Он опять окинул взором буфет. Почти все выглядели безобразно и, если бы вместо форменных комбинезонов были одеты во что-нибудь другое, все равно выглядели бы не лучше. В дальнем конце комнаты маленький, удивительно похожий на жучка человек, сидя в одиночестве, отхлебывал из чашки кофе, в то время как его крохотные глазки с острой подозрительностью метались по сторонам. Как легко, – думал Уинстон, – если вы не присматриваетесь к окружающему, – поверить в то, что физический тип, выдвигаемый Партией в качестве идеала, – рослый мускулистый юноша и девушка с крепкой грудью, оба белокурые, живые, загоревшие и беззаботные, – что этот тип действительно существует и даже преобладает. На самом же деле, насколько мог судить Уинстон, большинство жителей Первой Полосы были низкорослыми, черноволосыми и некрасивыми людьми. Занятно, что этот жукообразный тип особенно плодился в Министерствах: невысокие, коренастые мужчины, начинавшие очень рано полнеть, с короткими ногами, с торопливыми движениями, с жирными непроницаемыми лицами и с очень маленькими глазками.
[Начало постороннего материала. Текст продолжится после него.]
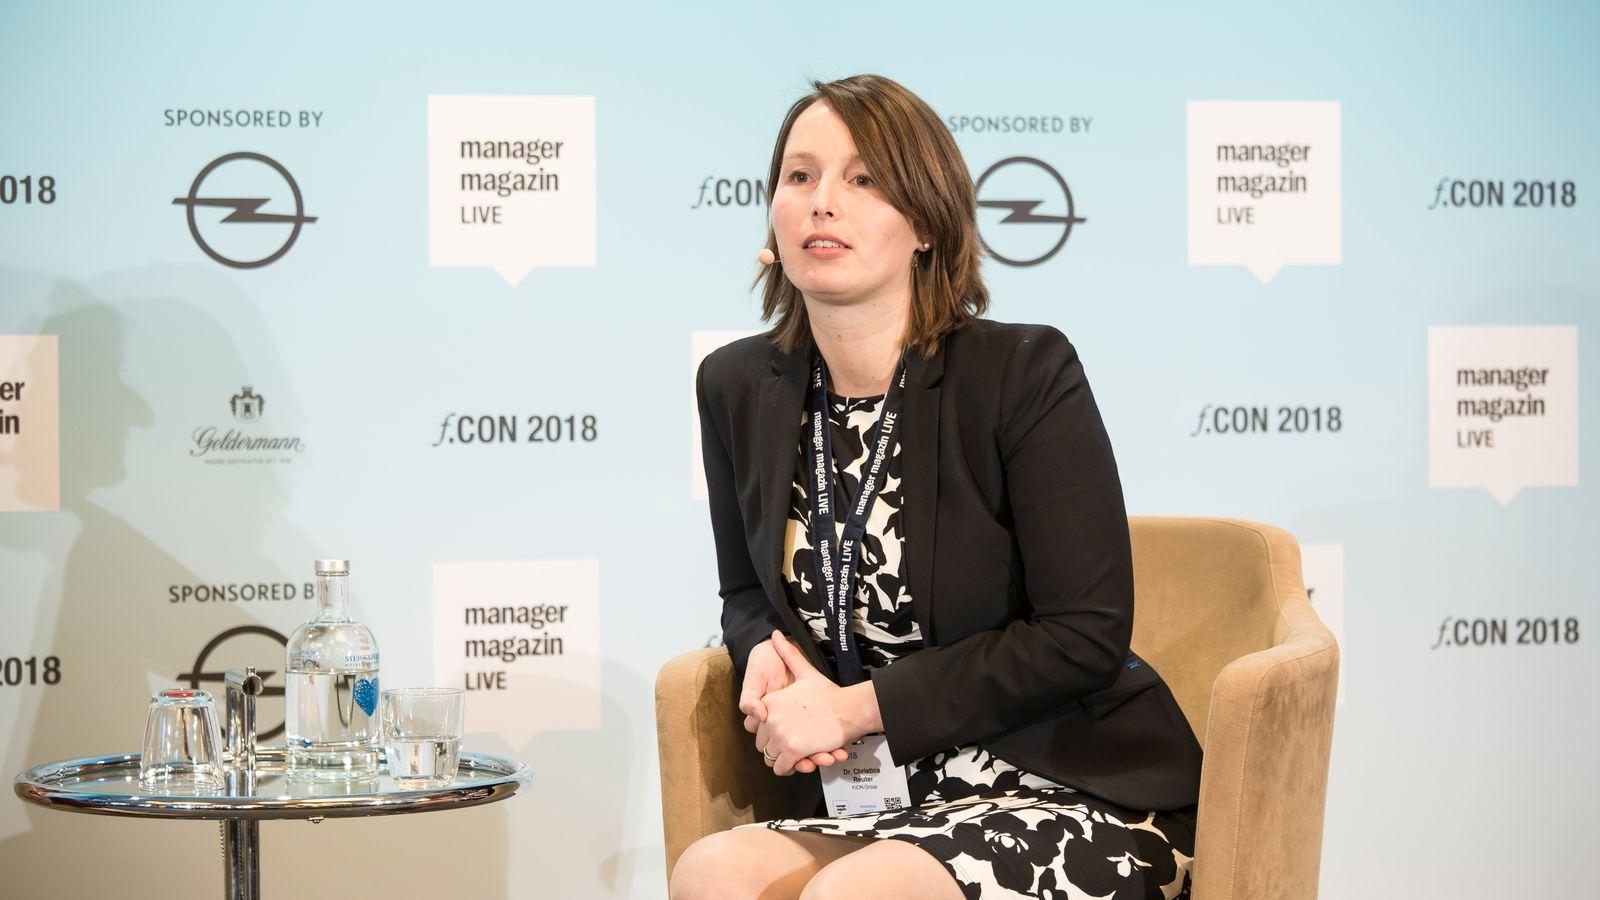 Christina Reuter / fcon 2018

Казалось, что именно этот тип особенно преуспевает под господством Партии.
Сообщение Министерства Изобилия закончилось под новый звук трубы и сменилось какой-то дребезжащей музыкой. Парсонс, которого бомбардировка цифрами привела в состояние смутного восторга, вытащил трубку изо рта.
– В этом году Министерство Изобилия определенно проделало большую работу, – сказал он, встряхивая головою с видом знатока. – Кстати, Смит, старина, у вас, конечно, не найдется бритвенных лезвий для меня?
– Ни одного, – ответил Уинстон. – Я сам бреюсь одним и тем же шесть недель.
– Ну, ясно. Я просто так решил спросить, старина.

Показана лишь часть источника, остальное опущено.